Kashmir on lock down for twenty days

It’s been twenty days! Wow! Has it?

Yes! Twenty days that sped past us. Twenty days that the Kashmiris felt like twenty years.

Any time there is a world crisis or a human tragedy our attitude is one of rise and fight, then settle and comment and eventually deflate and recenter.

Re-centering usually brings us back to our daily life. Work, kids, our partner, you know, the usual!

There’s that initial adrenaline surge and then the slow compromise of sorts with the situation. Activism is a strange thing. Online activism even stranger. It can get old really fast if we don’t really care for our cause and just jump on the bandwagon that most popular people are on.

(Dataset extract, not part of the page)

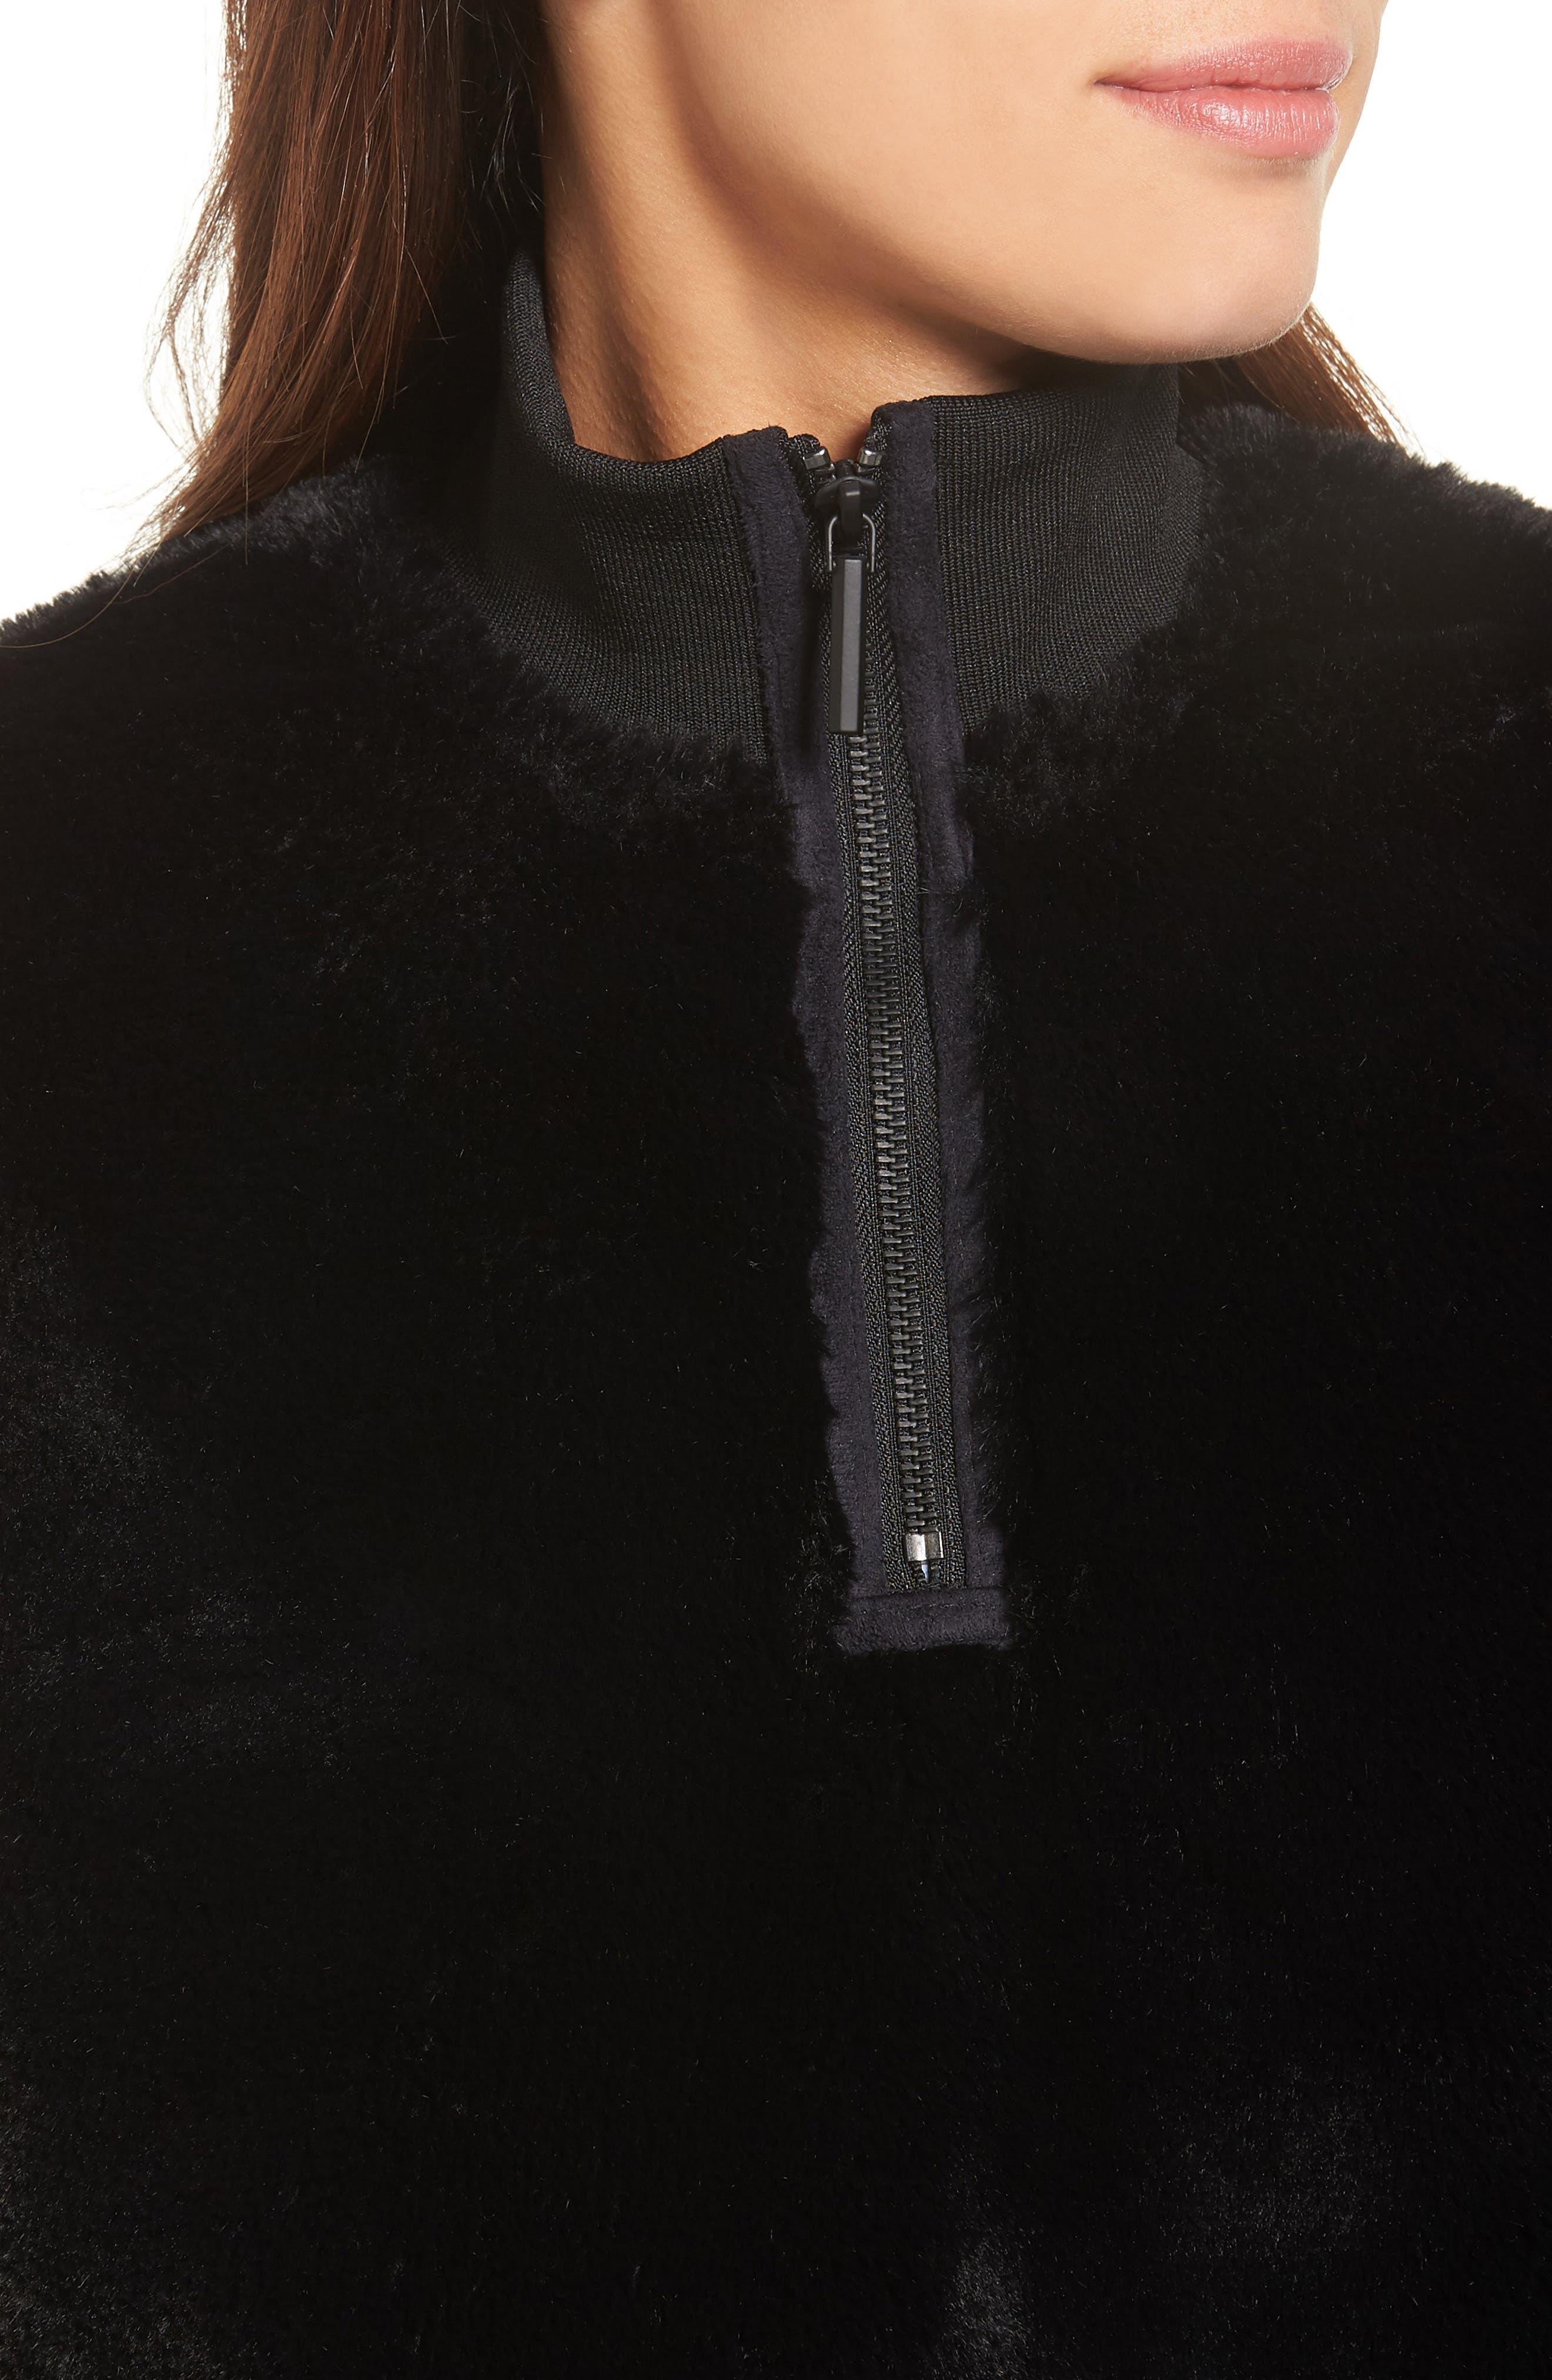 Half-Zip Faux Fur Sweatshirt,                             Alternate thumbnail 4, color,                             Black

The froth effect as I call it, honestly, doesn’t form an activist or an advocate. The gossip effect and engagement effect, that happens on closed and secret groups, is even more of a delusion of being proactive. The consistent effect is what counts. The constant presence, even if not vehement or strident in its quality, is what counts. Public advocacy counts.

What these flimsy shows of activism do is actually detrimental to the cause. What people see is a hundred thousand posts a day happening for Kashmir on Day 1. What people notice is the posts dwindling down to a few hundred by the time the twentieth day rolls around. To the astute opponent it looks like a deflating effort. It’s actually an accurate observation. People who oppose the cause are seeing the activists as reducing in numbers and strength. People affected by the tragedy view it as a lack of support but worse, as a reduction in support and even worse than that, a lack of concern from people that they had previously been counting on.

Human mind is a fascinating thing. Within the same day it goes through hope and despair. Within the same day it experiences victory and defeat at the hands of its own thought processes. I can sense a lack of support from previously active people. The Kashmiris can too.

In support of activists! Advocating for a cause is exhausting work. It’s draining and sometimes downright demoralizing. Channel your energies where they bring force and power to the cause. Engaging in online battles with ill-informed people isn’t the calling of an activist. Make public posts but avoid engaging with people who are nonsensically speaking and actually may be biased to their version of the cause. That doesn’t help us. Trust me, people who support the perpetrators of a crisis have a lot of energy to prove and think of themselves as right. Those people aren’t worth your time. Kashmiris are worth your time. Those should be the real recipients of your energies.